Following the joint annotation, each expert was assigned 200 different terms to annotate independently, resulting in 550 terms randomly selected from the 7873 clinical trial records being annotated. Each clinical trial record pertains to a vaccine name. Throughout the annotation process, the annotators made every effort to accurately map the vaccine names to the corresponding concepts in the VO. In cases where a direct mapping to a specific concept in the ontology was not possible, the annotators selected the most appropriate concept within the broader category. In the case of conjugate vaccines, the vaccine names with the targeted disease will take higher priority over the superordinate category of the individual vaccines. For example, “MenACWY-CRM conjugate vaccine (Menveo, Novartis)” is mapped to “meningococcal conjugate vaccine”. If neither applied, it’d be assigned to “conjugate vaccine”. On the condition that one vaccine name is mapped to multiple vaccine concepts in VO, each mapping result will be listed. For instance, “23vPPV, dkTpa (Pneumovax, Boostrix)” suggests receiving both vaccines. If the term refers to a vaccine placebo, it will be annotated as the vaccine itself. For example, “AIDSVAX B/E Placebo” will be mapped to “AIDSVAX B/E”. Additionally, if the vaccine term as well as the concept in VO contain both the general name and the product name. The product name will be selected. For example, “2012–2013 trivalent seasonal live attenuated influenza vaccine (FluMist ®)” will match the concept “FluMist ®”.
Fine-tuning of domain-specific language models
PubMedBERT is a domain-specific language model pre-trained on large-scale biomedical corpora [64, 65]. It is commonly used and has achieved state-of-the-art performance in a variety of natural language processing tasks, including biomedical named entity recognition (NER), relation extraction, question answering, and text classification. In this task, we initially pretrained PubMedBERT using Hugging Face Transformers on clinical trials and attempted its use in MCN. By leveraging the developed corpus, we aimed to enhance the model’s understanding of vaccine-related language and concepts. This pre-training process involved exposing the model to a large amount of clinical trial text, allowing it to learn patterns, relationships, and domain-specific knowledge. As a result, the CTPubMedBERT model was developed, equipped with a foundational model in the following cascaded framework.

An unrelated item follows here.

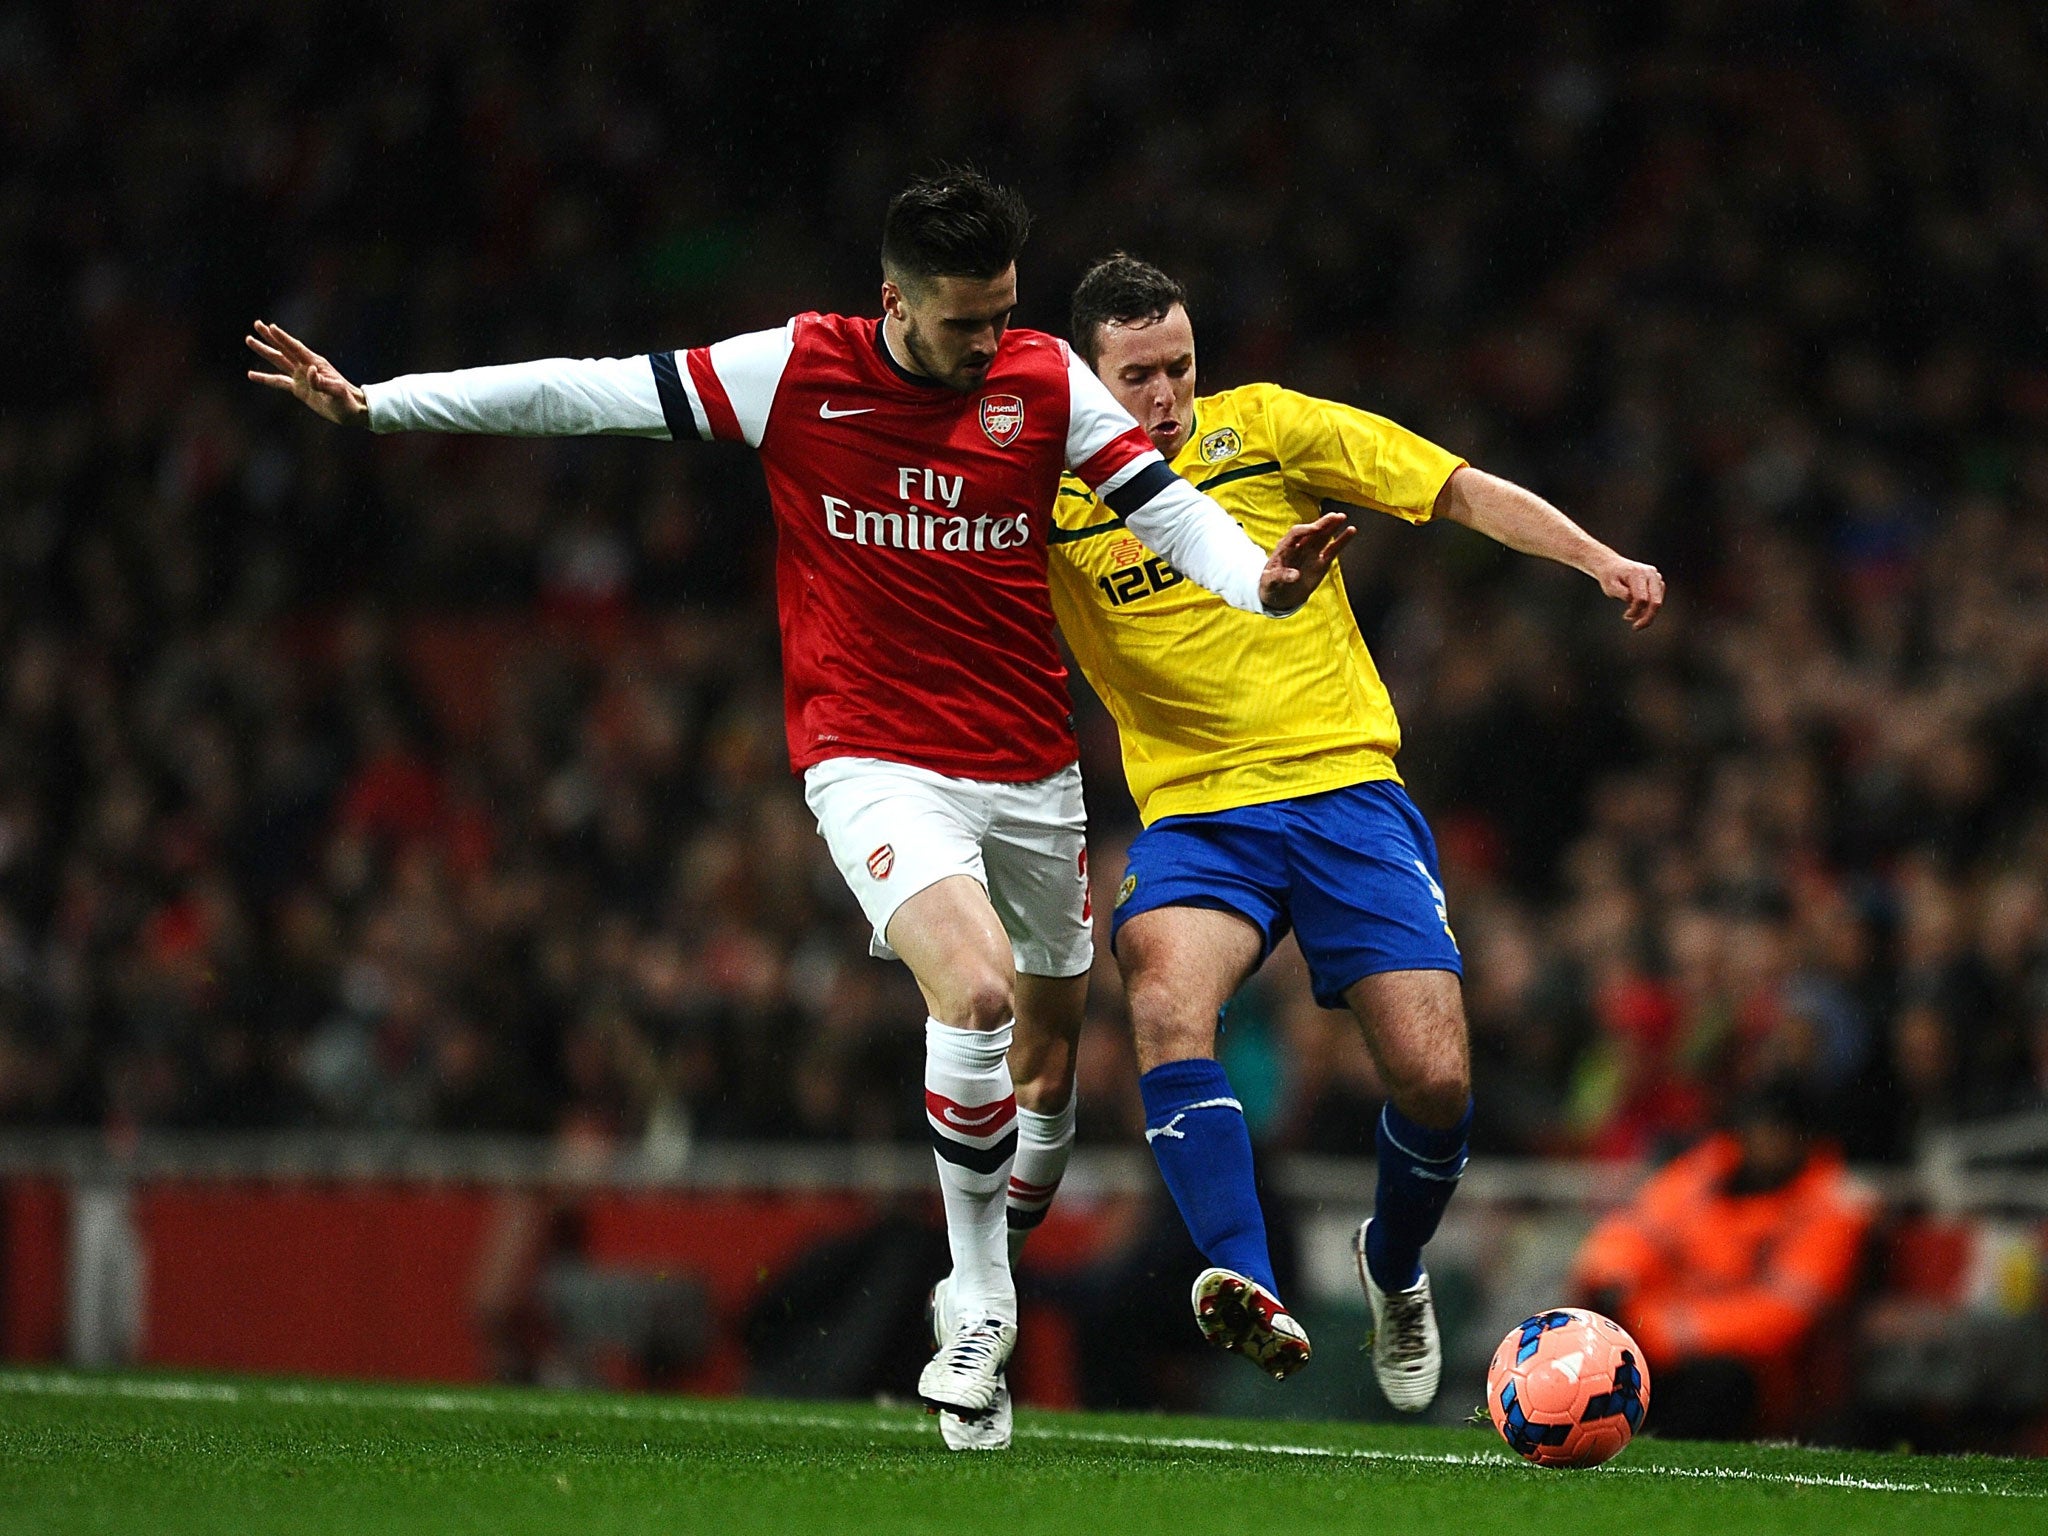 Coventry City's Blair Adams (right) and Arsenal's Carl Jenkinson battle for the ball

To further improve the model’s performance, we moved on to re-training the SAPBERT model [66]. SAPBERT is a pre-trained language model based on PubMedBERT that focuses on self-alignment to learn representations of biomedical entities from UMLS. It achieved new state-of-the-art results across six widely used benchmark datasets for biomedical entity linking. This re-training process involved utilizing both the CTPubMedBERT model and the UMLS corpus. By aligning the knowledge from these two sources, we aimed to enhance the model’s understanding of medical terminologies, improving its ability to accurately capture the nuances and context of vaccine-related information. Through this step, the CTPubMedBERT + SAPBERT model was created, incorporating the enhanced capabilities of SAPBERT.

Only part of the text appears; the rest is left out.